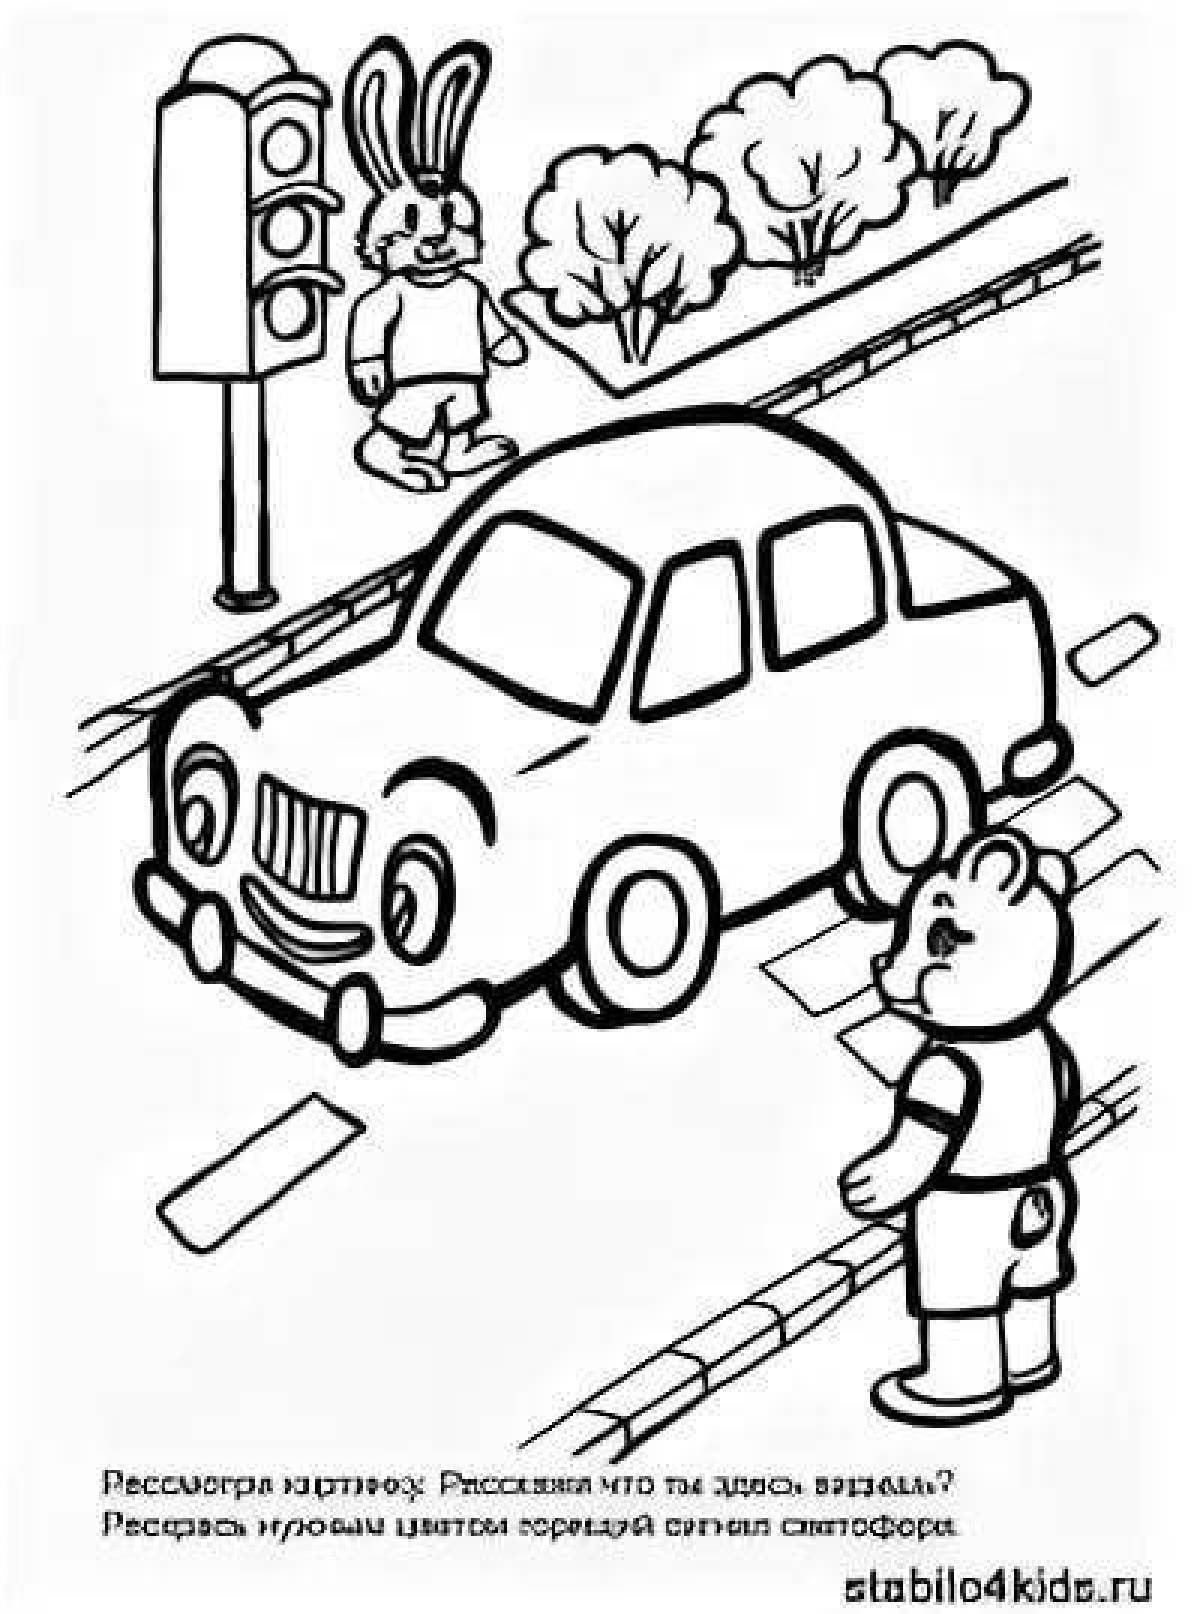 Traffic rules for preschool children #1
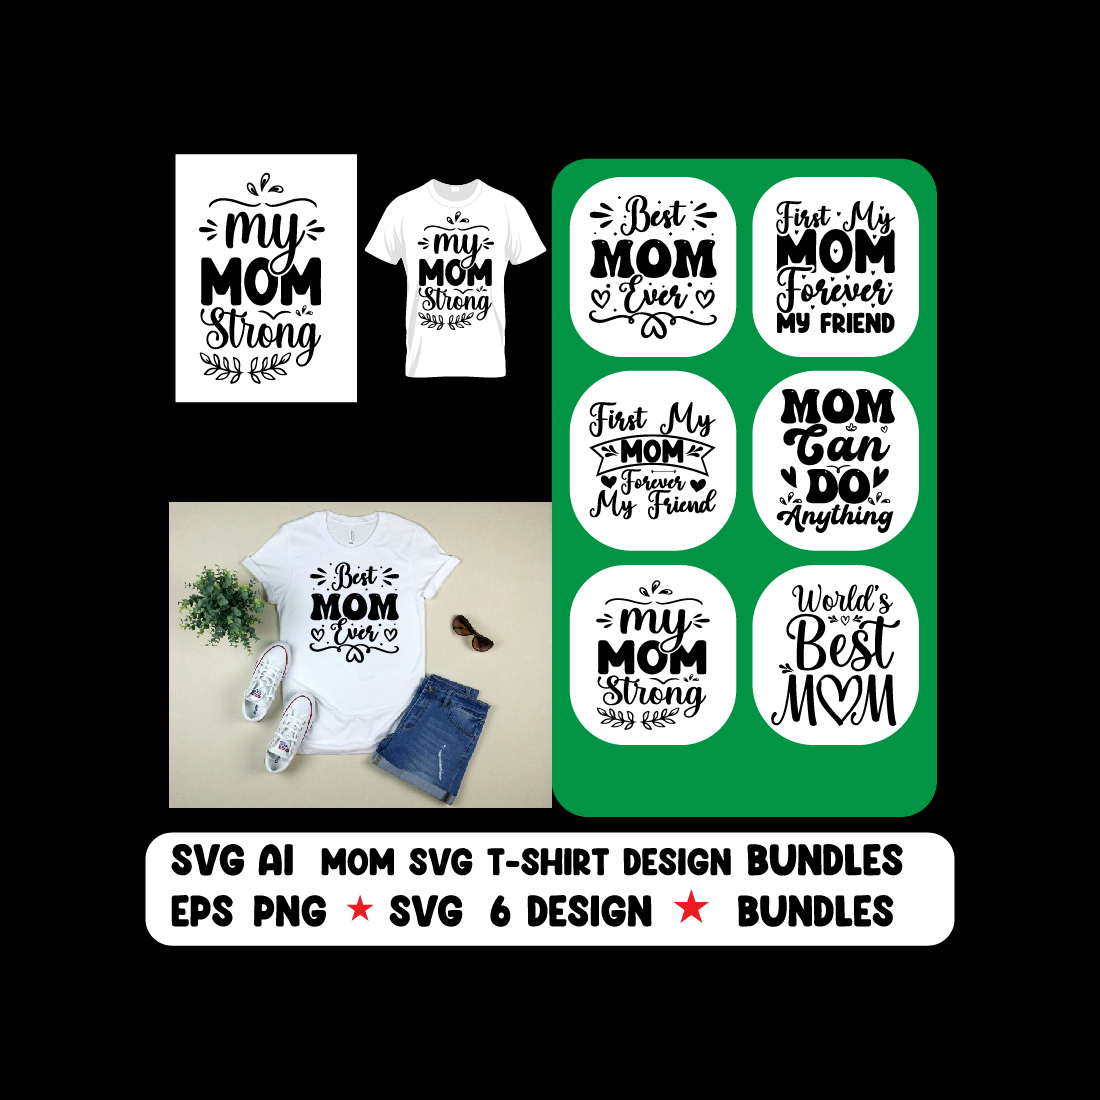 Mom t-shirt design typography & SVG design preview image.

---------------

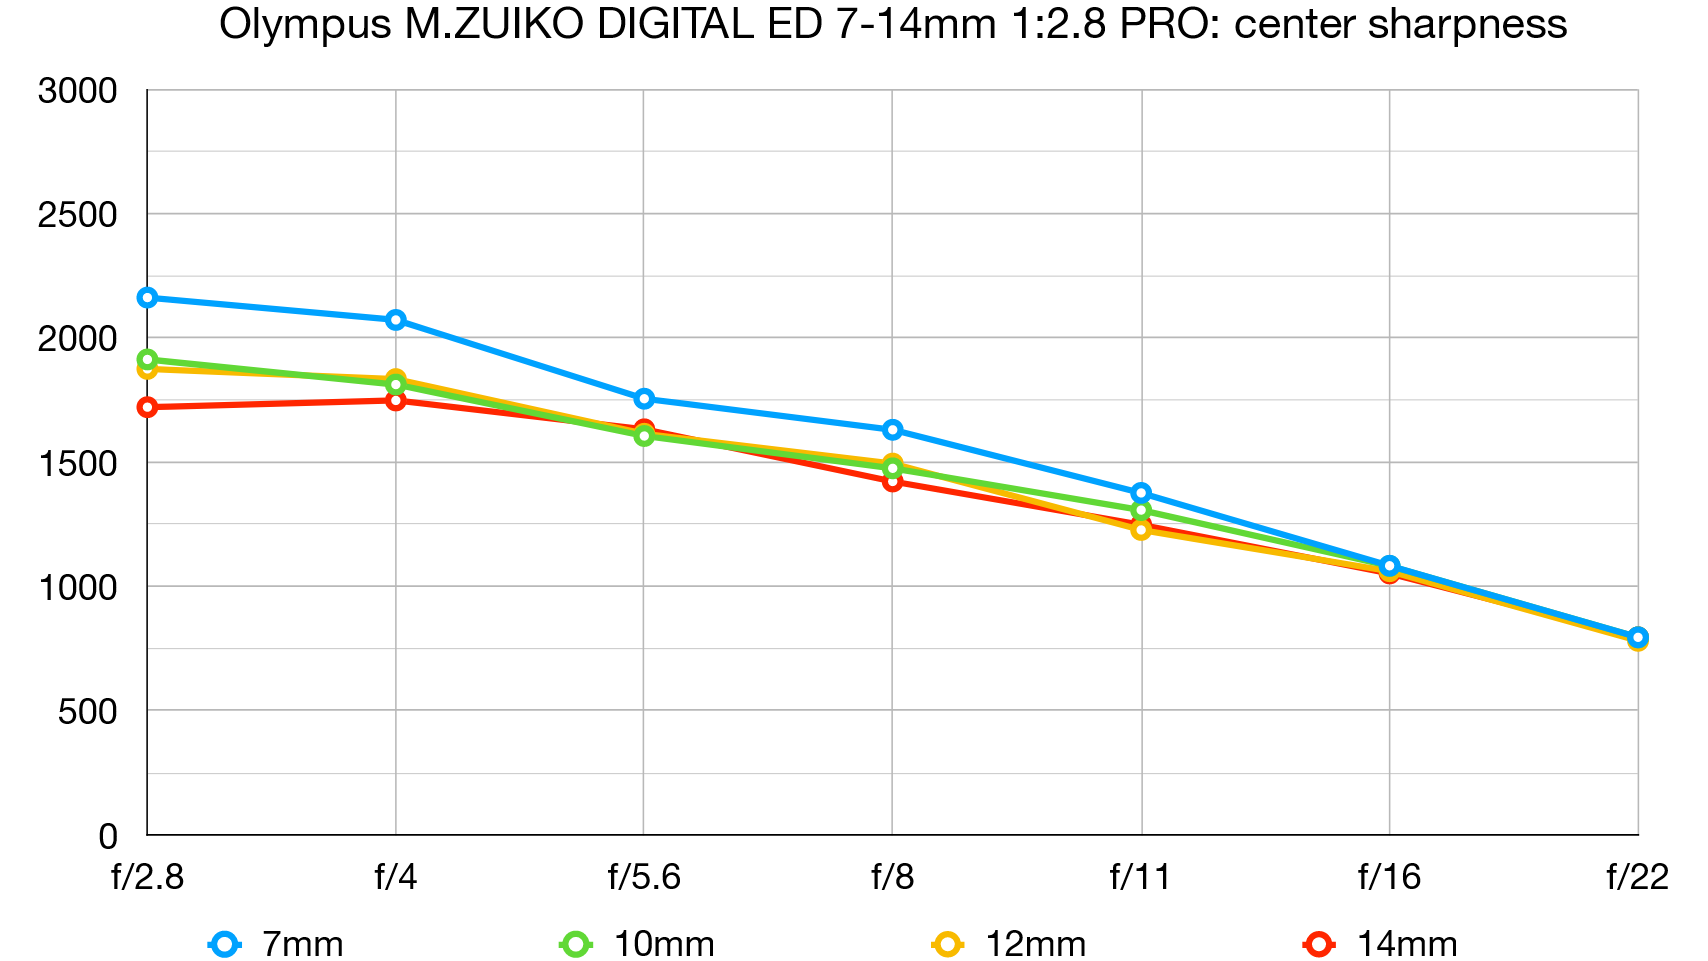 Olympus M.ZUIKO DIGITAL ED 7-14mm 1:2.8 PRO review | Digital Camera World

---------------

• _PROBLEM STATEMENT_
Now transcribe the lines above exactly, starting at the line containing "Traffic rules for preschool children #1" and ending at the line containing "Mom t-shirt design", both lines included, pictures excluded.

• _RESULT_
 Traffic rules for preschool children #1
 Mom t-shirt design typography & SVG design preview image.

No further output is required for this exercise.